Are individuals in these industries self-employed/contractors, and therefore entitled to no employment law relief? Or are they workers who should be afforded some level of protection? Or are they employees who should receive the full suite of employment rights?
In December 2018, the Court of Appeal ruled that Uber drivers are workers, and therefore entitled to certain rights including 5.6 weeks’ paid annual leave each year (pro-rata), a maximum 48-hour average working week, rest breaks, the national minimum wage (and the national living wage) and the protection of whistleblowing legislation.

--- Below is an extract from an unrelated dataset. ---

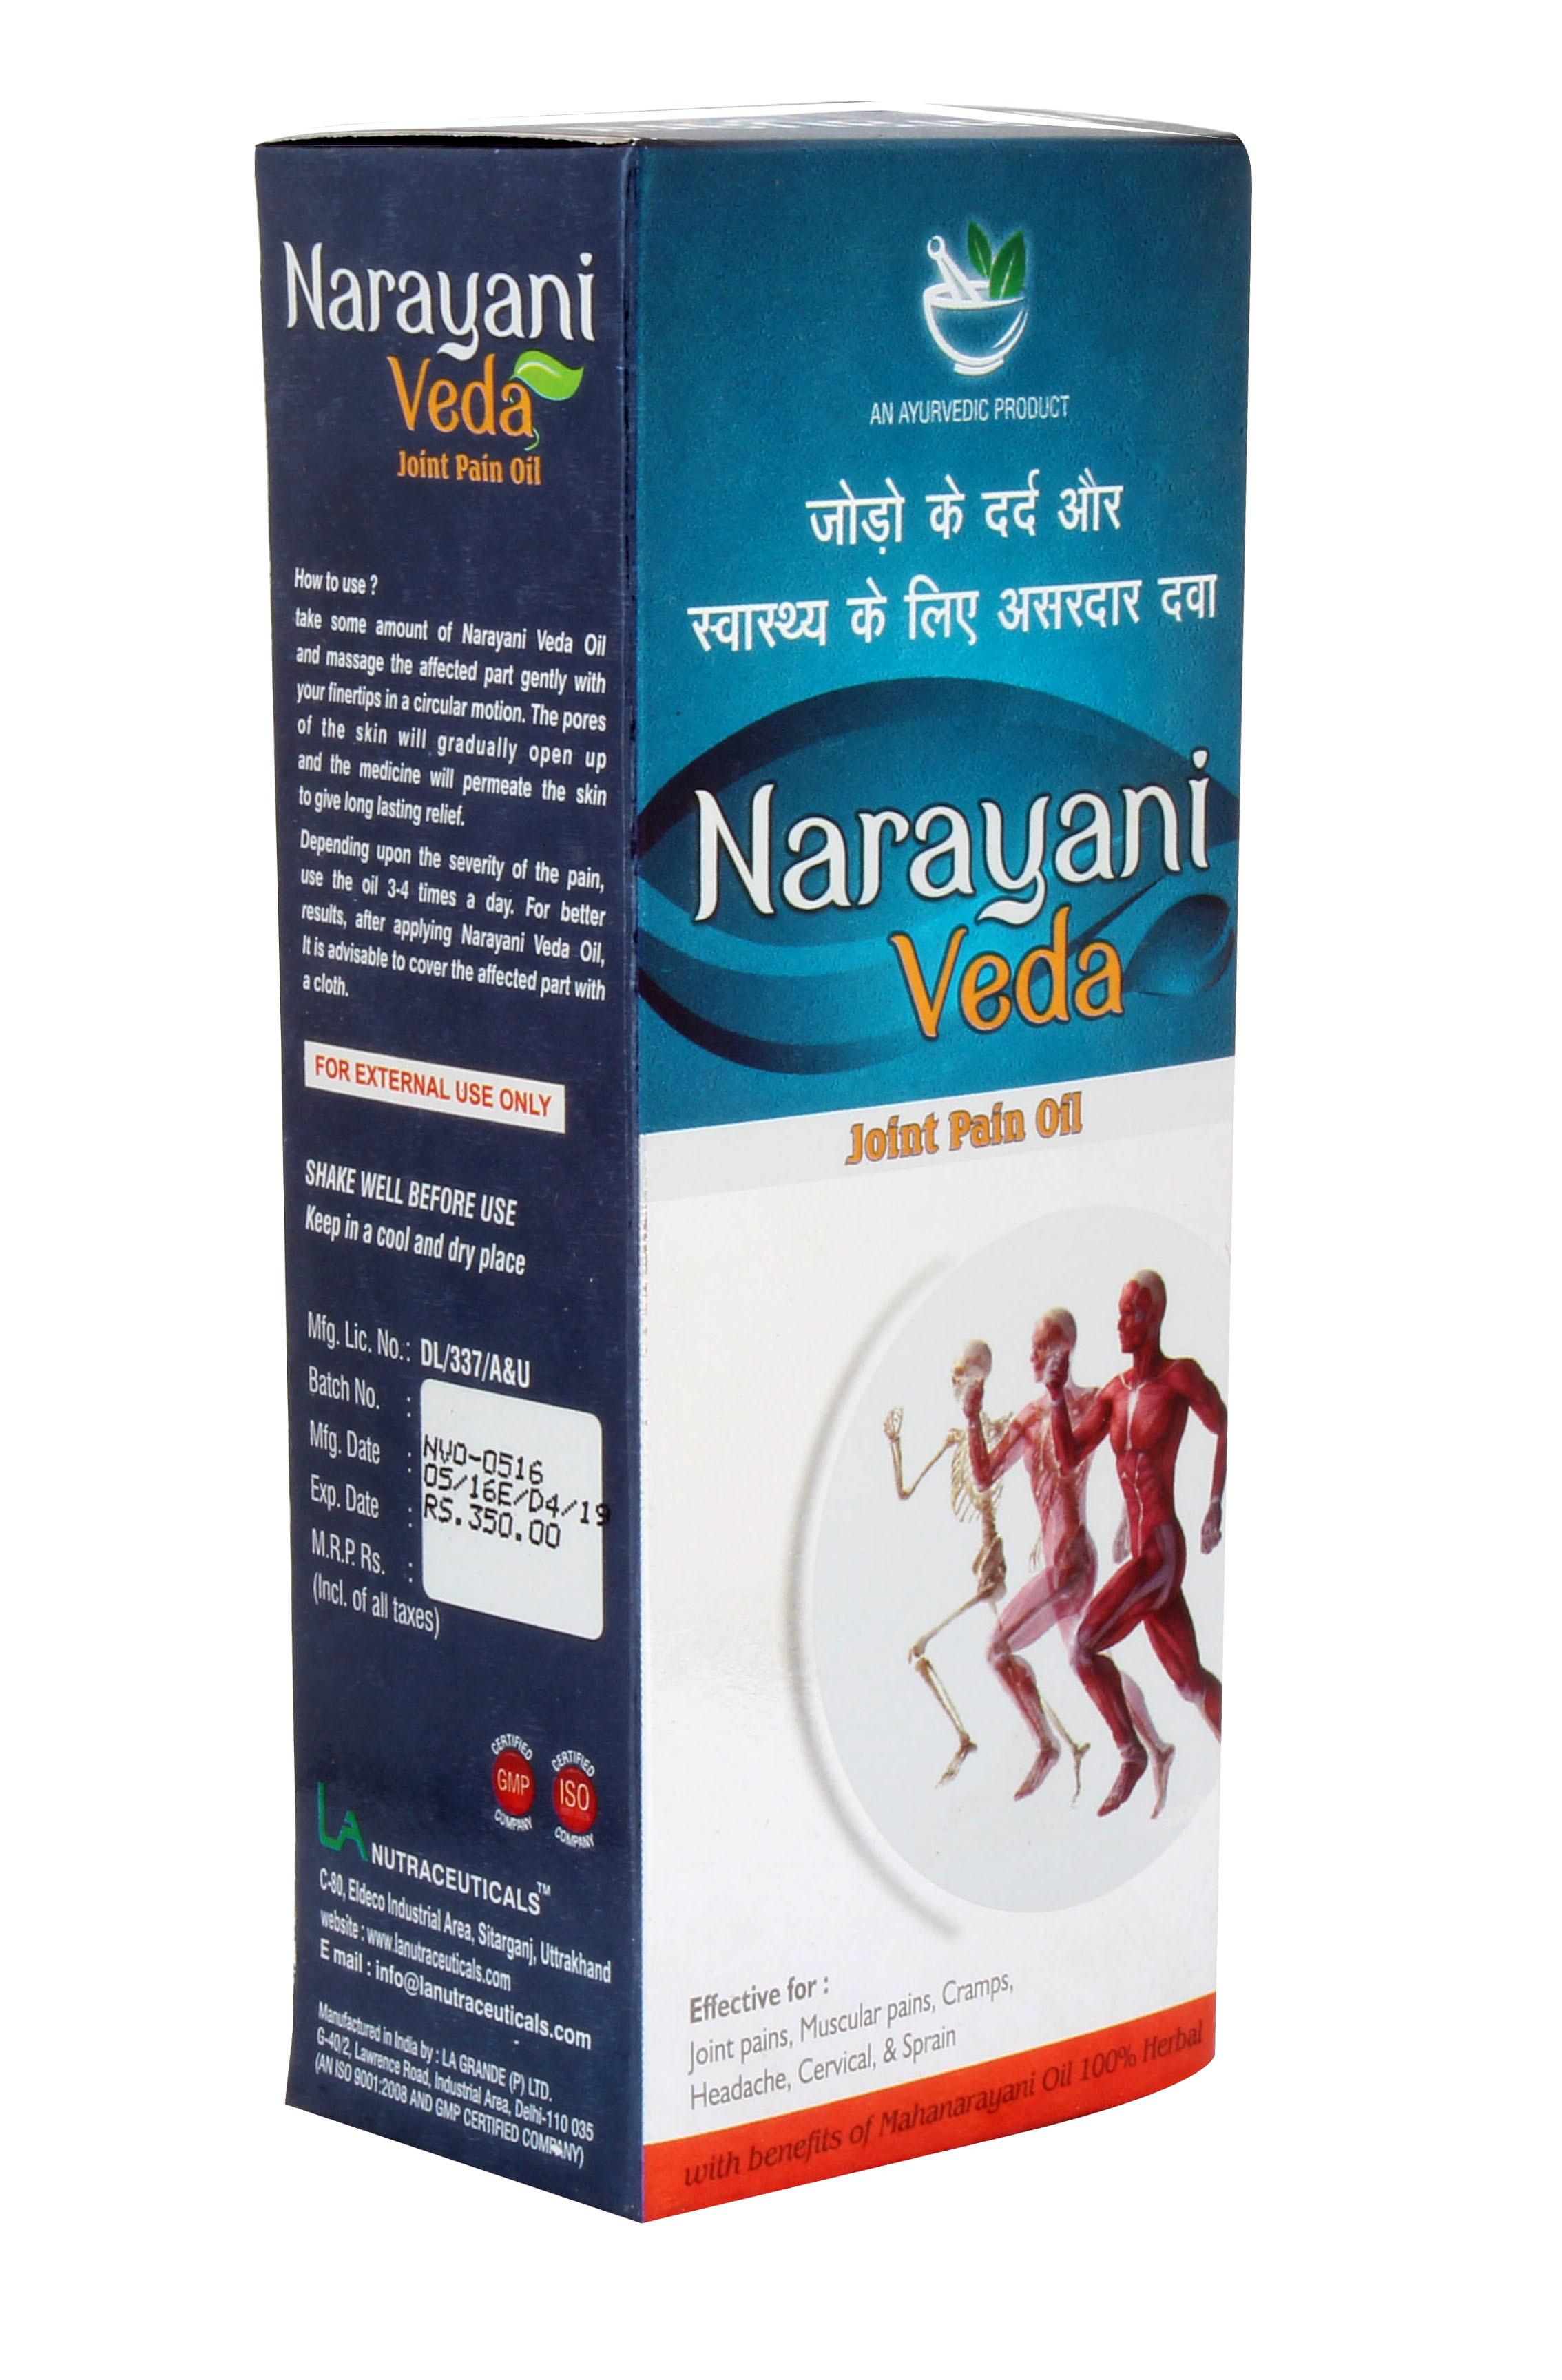 Narayanini Veda Oil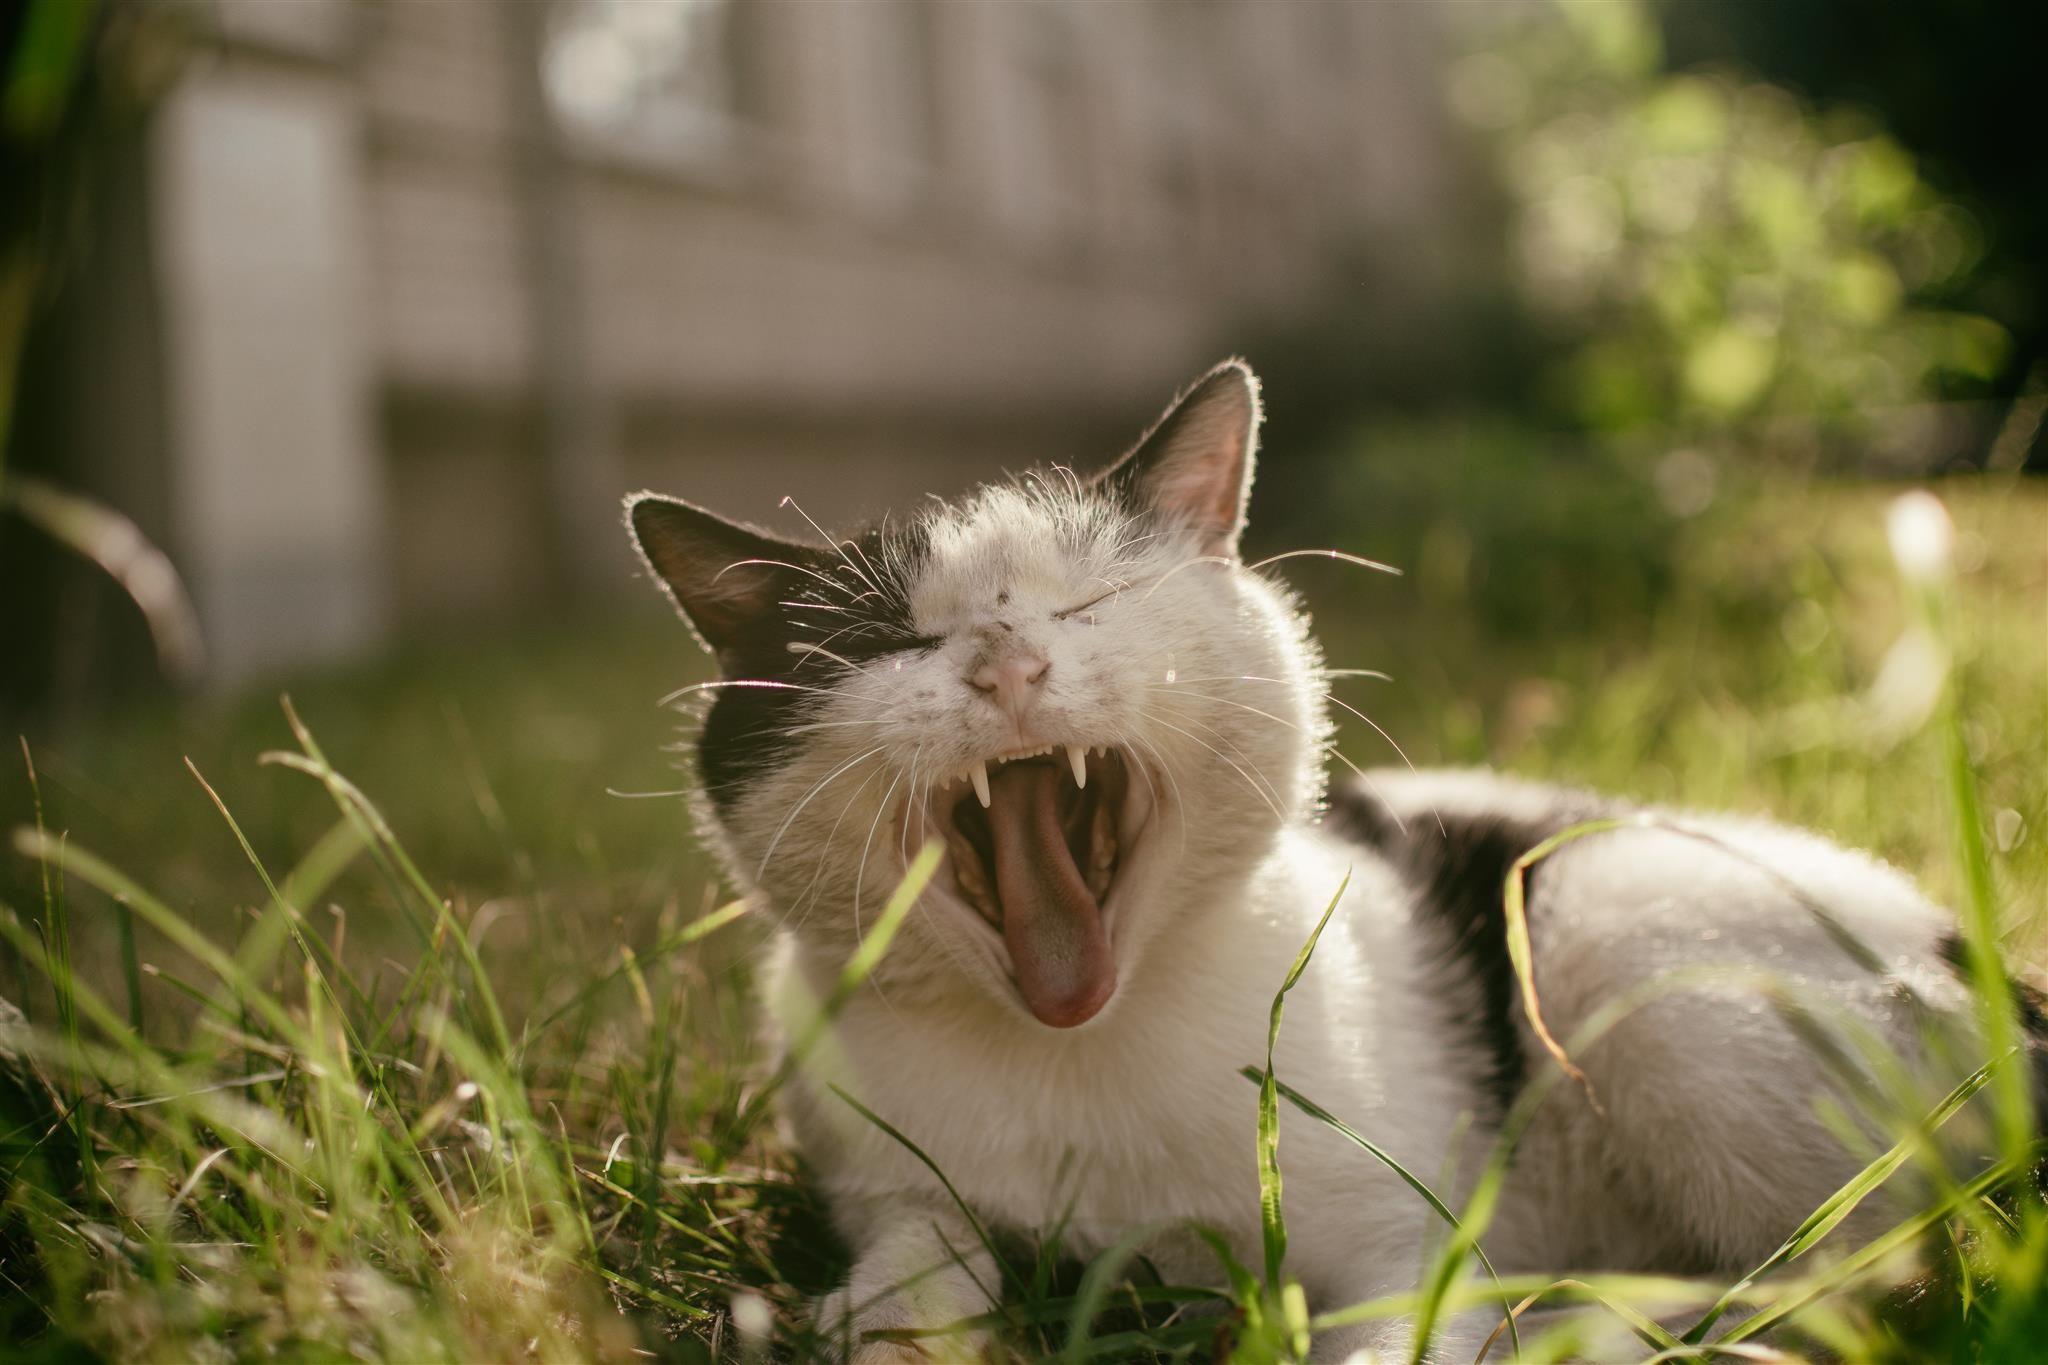 Soft kitty, warm kitty little ball of fur Happy kitty

It seemed a victory for the drivers at the time, but Uber was quick to launch an appeal to the Supreme Court, arguing its drivers are self-employed contractors. A hearing date is yet to be given.
Crucially however, as workers – which the Uber drivers shall remain pending the app’s appeal – the drivers have no rights to claim unfair dismissal, statutory redundancy pay, or statutory notice pay.
Thus, it is only now, following TfL’s decision not to renew Uber’s licence, that the full impact of the employment status case can be appreciated.
Without a licence to operate, Uber’s huge pool of drivers will lose their jobs with Uber not even be obliged to consult on redundancy.
The case highlights the vulnerability of those working in the gig economy, even if granted worker status. Is the trade-off between flexibility and freedom on the one hand and job security on the other, worth it?
In an effort to clarify and improve the legal position of gig economy workers, the government published its Good Work Report following the Taylor Review into modern working practices. It made a number of recommendations to improve the rights of such workers, but as yet, the proposals have yet to be adopted.
Uber has announced it will appeal the TfL decision. London is its biggest European market with 3.5m customers, while its shares tumbled 6% off the back of the news.
TfL found that Uber had failed to address a number of issues placing passenger safety at risk, and that the company was ‘not fit and proper at this time’. In particular, it raised concerns over the app’s change to systems that allowed unauthorised drivers to upload their photos to other drivers’ accounts.
The appeal means the company and its drivers will continue to operate in the meantime, and it moves the battle away from the (arguably) politically-driven TfL process, to the impartiality of the courts.
Ironically, the TfL appeal now supersedes the Supreme Court appeal in terms of importance to London Uber drivers: their employment status is suddenly irrelevant in the face of no job at all. But for the wider gig economy, the decision of the Supreme Court is eagerly awaited.
This article is for reference purposes only. It does not constitute legal advice and should not be relied upon as such. Specific legal advice about your specific circumstances should always be sought separately before taking or deciding not to take any action.